Personal information
- Date of birth: July 20, 1901
- Place of birth: Solotvyn, Austria-Hungary
- Date of death: December 24, 1952 (aged 51)
- Place of death: Vienna, Austria
- Position: Inside forward

Senior career*
- Years: Team / Apps / (Gls)
- 1918–1926: Hakoah Vienna / 43 / (13)
- 1926–1928: New York Giants / 84 / (28)
- 1928–1929: New York Hakoah / ? / (21)
- 1929–1931: Hakoah All-Stars / 94 / (29)
- 1931–1933: New York Americans
- 1933–1934, 1936: Hakoah Vienna

International career
- 1923–1925: Austria / 7 / (2)

Managerial career
- 1935: Garbarnia Kraków

= Moritz Häusler =

Austrian footballer

Moses “Moritz” or “Moschkatz” Häusler (July 20, 1901 in Solotvyn – December 24, 1952 in Vienna) was an early twentieth century Austrian football inside forward who played professionally in Austria and the United States. He also earned seven caps with the Austria national football team between 1923 and 1925.

==Player==

===Professional===
Häusler began his career with Vienna based youth teams Armania and Romania. In 1918, he signed with Hakoah Vienna in Austria, but did not break into the first team until the 1919–1920 season. However, he remained a minor role player until the 1922–1923 season. In 1926, Hakoah Vienna toured the United States. Impressed by the high pay and low level of anti-Semitism compared to Europe, Häusler and several of his teammates decided to return to the United States to play in the American Soccer League. In the fall of 1926, Häusler signed with the New York Giants. In 1928, the ASL and the United States Soccer Federation began a struggle for supremacy in U.S. soccer. Known as the “Soccer War”, it led to the USFA declaring the ASL an “outlaw league” in the fall of 1928. At that time, Häusler had already played six games with the Giants. Declining to play with an “outlaw team” Häusler jumped to the competing, and legal, Eastern Professional Soccer League where he signed with New York Hakoah.
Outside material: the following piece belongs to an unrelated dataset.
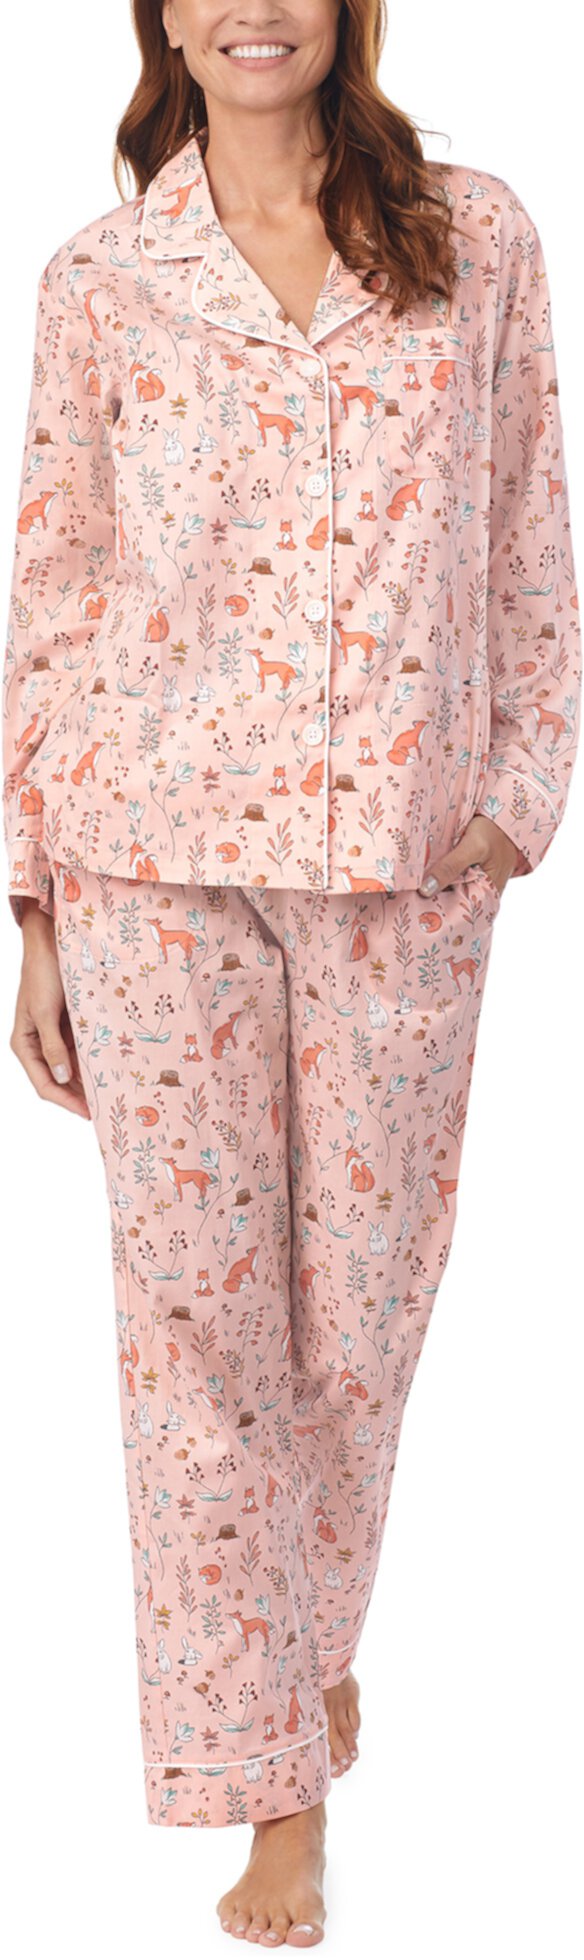 Классический пижамный комплект с длинным рукавом BedHead Pajamas
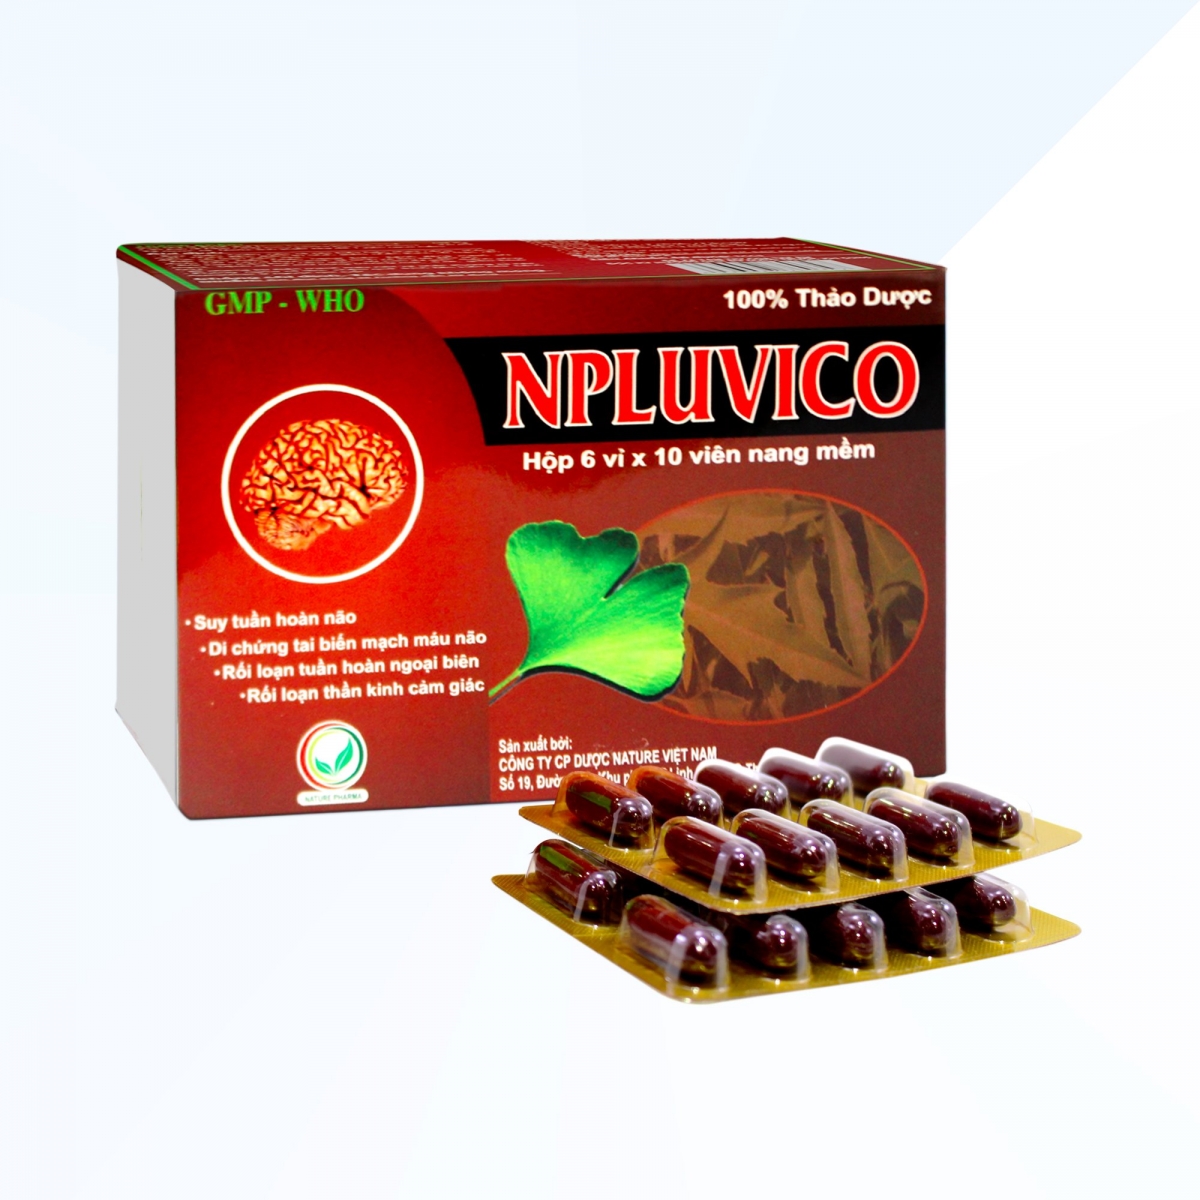 Một lô thuốc Npluvico vi phạm mức độ 2 vừa bị yêu cầu thu hồi trên toàn quốc.

New York Hakoah took second place in the ESL and won the 1929 National Challenge Cup with Häusler scoring a goal in Hakoah’s 3-0 victory over St. Louis Madison Kennel. At the end of 1929, the ASL made peace with USFA which brought about the merger of the ASL and ESL and the merger of the ESL New York Hakoah with the ASL Brooklyn Hakoah to form the Hakoah All-Stars. Häusler joined the new team and remained with it until 1931. That year, he signed with the New York Americans as the ASL began to collapse. In 1933, the Americans lost in the 1933 National Challenge Cup championship series. Following that loss, Häusler returned to Austria, where he rejoined Hakoah Vienna for the 1933–1934 season. He retired and became a coach, but returned to Hakoah Vienna at the end of the 1935–1936 season.

===National team===
Häusler earned seven caps, scoring two goals, with the Austria national team. His first came in an August 1923 victory over Finland. He scored in his second game with the national team, a win over Romania. His last game was a November 1925 game with Switzerland.

==Coach==
Following his retirement in 1934, Häusler moved to Poland to coach Garbarnia Kraków. He later coached in northern Europe and Luxembourg.

In 1950, he returned to Vienna, where he owned a coffee house until his death in 1952.